Secure hosting for universities comes down to six checkable things: institutional identity integration (SSO), role-based access with delegation, a patching and monitoring regime someone actually operates, tested backups, clear data residency, and certifications presented honestly — distinguishing what the provider holds from what its data centre holds.
Identity first: hosting should join your SSO
Standalone hosting passwords are the classic weak point: unmanaged credentials that outlive the people who set them. Hosting platforms that authenticate through institutional identity — Microsoft Entra sign-in, with conditional access where institutionally configured — keep access inside the governance IT already runs.
Role separation and delegation
Everyone-is-admin is how student hosting estates rot. Look for role models that give lecturers day-to-day visibility of their own cohorts without infrastructure access, and give IT policy control without becoming the helpdesk for every password reset.

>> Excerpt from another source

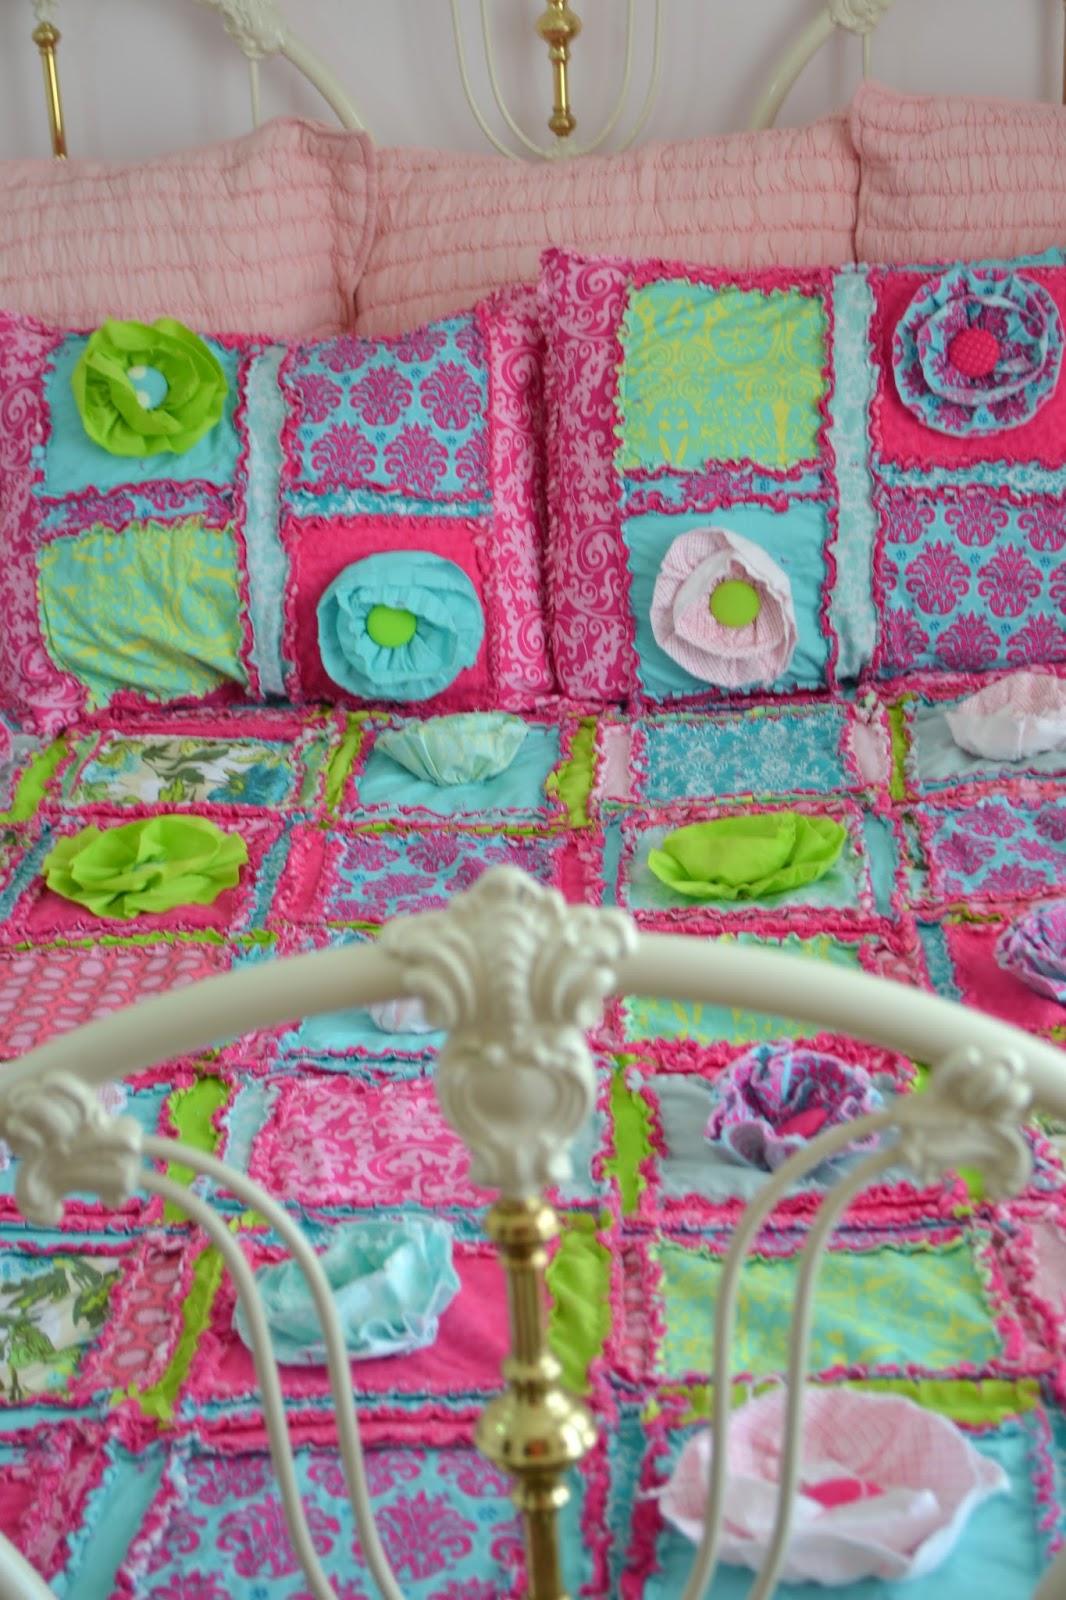 Ruffle Flower Queen Size Bed Set for Little Girl

Operations: patching, monitoring, backups
Security is mostly maintenance. Ask who patches, on what cadence, within what maintenance windows — and whether those windows respect term dates and marking periods. Ask how backups are taken, where they live and when a restore was last exercised.
Data residency and lifecycle
Know where the data physically sits (UK residency matters to most UK institutions) and how accounts end: suspension at module close, archival per policy, and clean deletion. Orphaned accounts are unmonitored attack surface.
Reading certifications honestly
Certification claims deserve one sharp question: who holds it? A provider's own certification (for example Cyber Essentials) and its data centre's certifications (for example ISO 27001 held by the facility operator) are different assurances. Both are useful; a provider that conflates them is telling you something about its other claims.